In order to make all this stick, several other things have to happen, beginning with the elimination of the filibuster in order to expand the Supreme Court immediately. I can’t emphasize enough how critical this piece of the equation is. Any attempts by John Roberts & the Furious Five to stop this should be met with the response that John Roberts has issued his opinion, now let him enforce it.

These are just the very first steps in a long process. Statehood for Washington DC and Puerto Rico is very high on the list of other critical reforms that are nearly as exigent. The destruction of the plutocratic conspiracy to take over the media is right up there as well. It should go without saying that the first step is to win the very few remaining number of free national elections, which may well be zero but obviously that can’t be assumed. But if the reaction to winning an election is to pretend none of this has happened and is happening, then winning elections is ultimately pointless, because very soon there won’t be any. It may already be too late. But the point is that at some point soon it definitely WILL BE too late. Nobody in the Democratic leadership shows the slightest hint of understanding this. People like AOC do but they remain far from formal positions of real power.

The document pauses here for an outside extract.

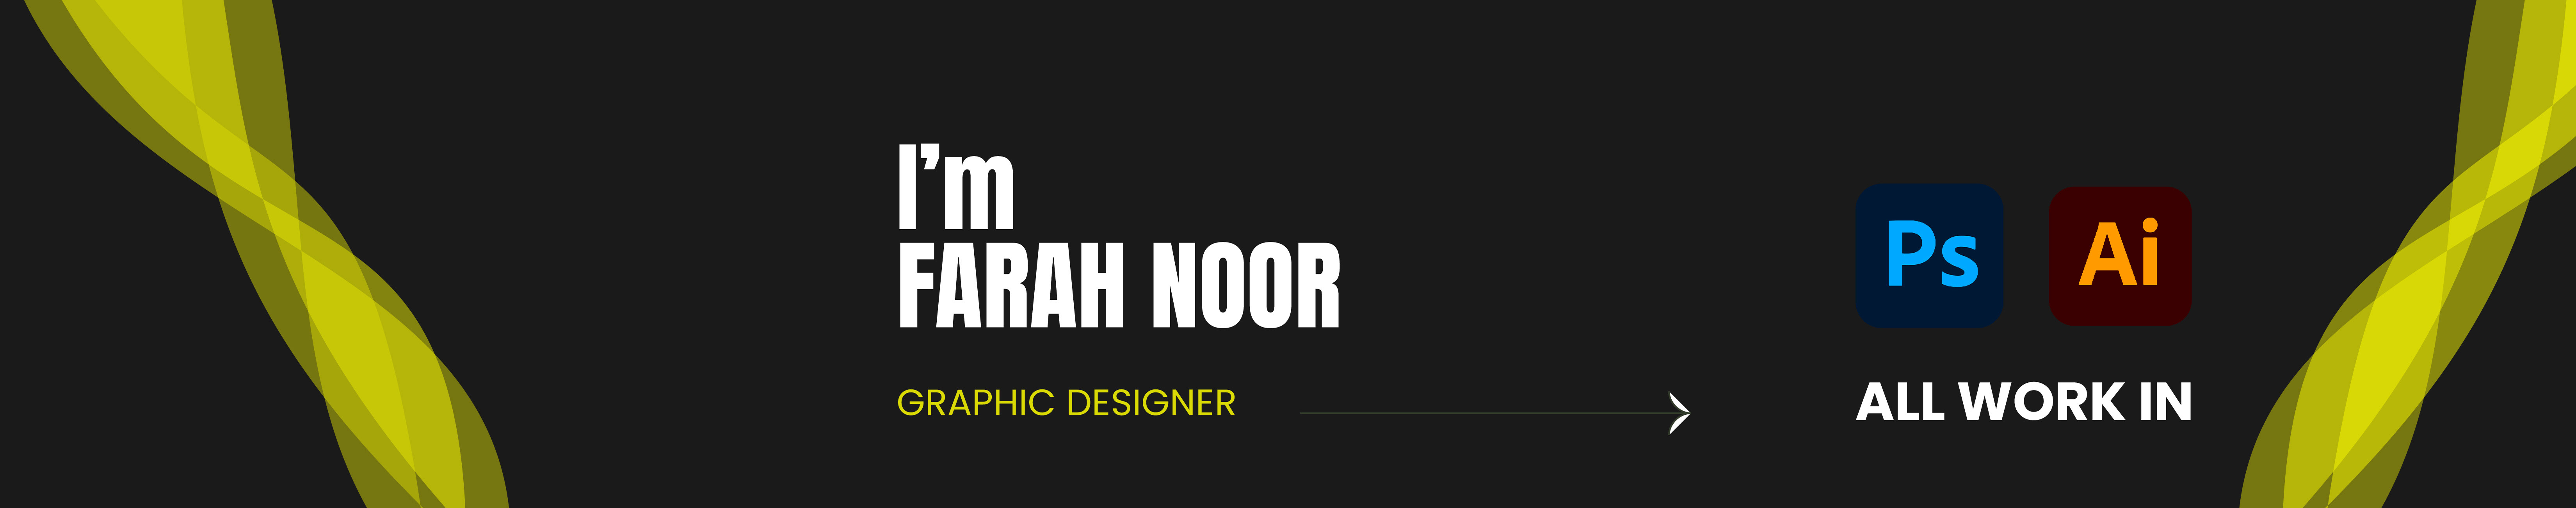 Farah Noor's profile banner

The only way any of this can actually happen is if the Democratic party is led by people who recognize that the Republican party has become a fascist party, in the precise historical meaning of that phrase, only slightly disguised for 21st century American cultural conditions. A fascist party is not something that’s compatible with liberal democracy by definition. Tolerating it is ultimately an act of suicide by a liberal democracy, as we are seeing now on a daily and nightly basis.

I don’t know what the odds of this kind of epiphany are, but that’s irrelevant to its necessity. Unless and until that happens, we will simply move further along a path that will result eventually in no more elections, no more legal protest, and no important media that are not creatures of the state, even more explicitly than for example Bari Weiss’s CBS News has become after it was bought by David Ellison in order to transform it into such a thing (see above list for relevant action items). We will be indistinguishable from present-day Russia in other words.

I do know that every day that passes without this happening is one day less in a very finite number of such days that remain for what needs to happen to happen, before the alternatives to fascism become purely outside the electoral and legal processes in this country.